Hortonworks HDP Developer Java

This advanced course provides Java programmers a deep-dive into Hadoop application development. Students will learn how to design and develop efficient and effective MapReduce applications for Hadoop using the Hortonworks Data Platform, including how to implement combiners, partitioners, secondary sorts, custom input and output formats, joining large datasets, unit testing, and developing UDFs for Pig and Hive.
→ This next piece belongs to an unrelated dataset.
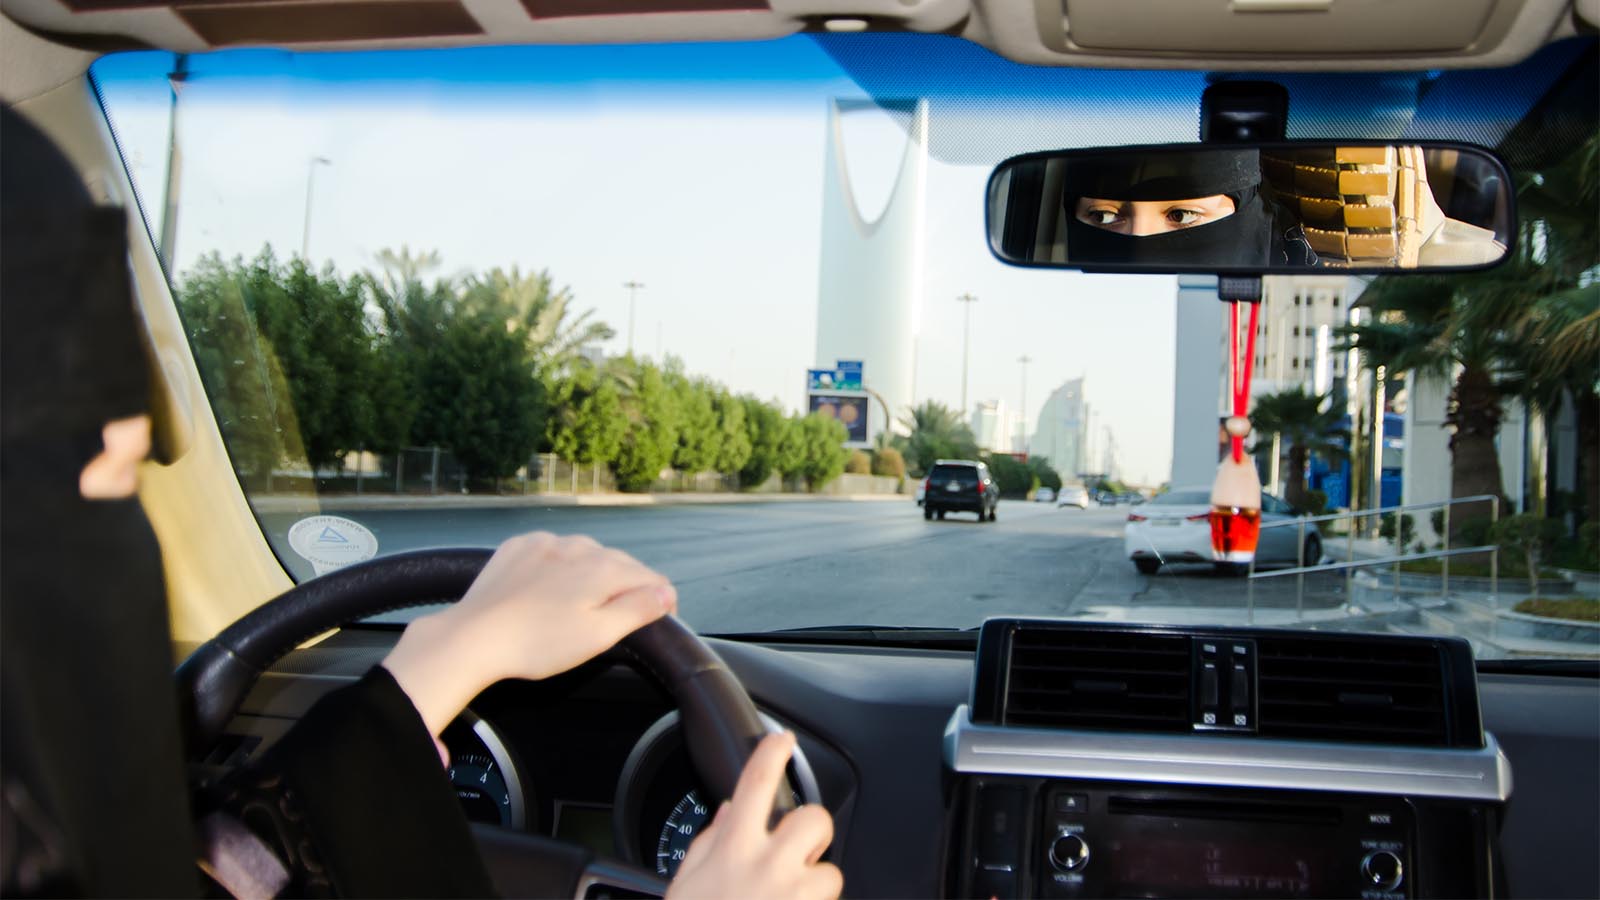 אישה נוהגת ברכב בערב הסעודית. האיסור בוטל, אבל אל-הד'לול נותרה בכלא (צילום: Shutterstock)

Labs are run on a 7-node HDP 2.1 cluster running in a virtual machine that students can keep for use after the training.

Course Objectives:

  • Describe Hadoop 2 and the Hadoop Distributed File System

  • Describe the YARN framework

  • Develop and run a Java MapReduce application on YARN

  • Use combiners and in-map aggregation

  • Write a custom partitioner to avoid data skew on reducers

  • Perform a secondary sort

  • Recognize use cases for built-in input and output formats

  • Write a custom MapReduce input and output format

  • Optimize a MapReduce job

  • Configure MapReduce to optimize mappers and reducers

  • Develop a custom RawComparator class

  • Distribute files as LocalResources

  • Describe and perform join techniques in Hadoop

  • Perform unit tests using the UnitMR API

  • Describe the basic architecture of HBase

  • Write an HBase MapReduce application

  • List use cases for Pig and Hive

  • Write a simple Pig script to explore and transform big data

  • Write a Pig UDF (User-Defined Function) in Java

  • Write a Hive UDF in Java

  • Use JobControl class to create a MapReduce workflow

  • Use Oozie to define and schedule workflows

Course Outline

Hands-On Labs

  • Configuring a Hadoop Development Environment

  • Putting data into HDFS using Java

  • Write a distributed grep MapReduce application

  • Write an inverted index MapReduce application

  • Configure and use a combiner

  • Writing custom combiners and partitioners

  • Globally sort output using the TotalOrderPartitioner

  • Writing a MapReduce job to sort data using a composite key

  • Writing a custom InputFormat class

  • Writing a custom OutputFormat class

  • Compute a simple moving average of stock price data

  • Use data compression

  • Define a RawComparator

  • Perform a map-side join

  • Using a Bloom filter

  • Unit testing a MapReduce job

  • Importing data into HBase

  • Writing an HBase MapReduce job

  • Writing User-Defined Pig and Hive functions

  • Defining an Oozie workflow

Audience

Experienced Java software engineers who need to develop Java MapReduce applications for Hadoop.

Prerequisites

Students must have experience developing Java applications and using a Java IDE. Labs are completed using the Eclipse IDE and Gradle. No prior Hadoop knowledge is required.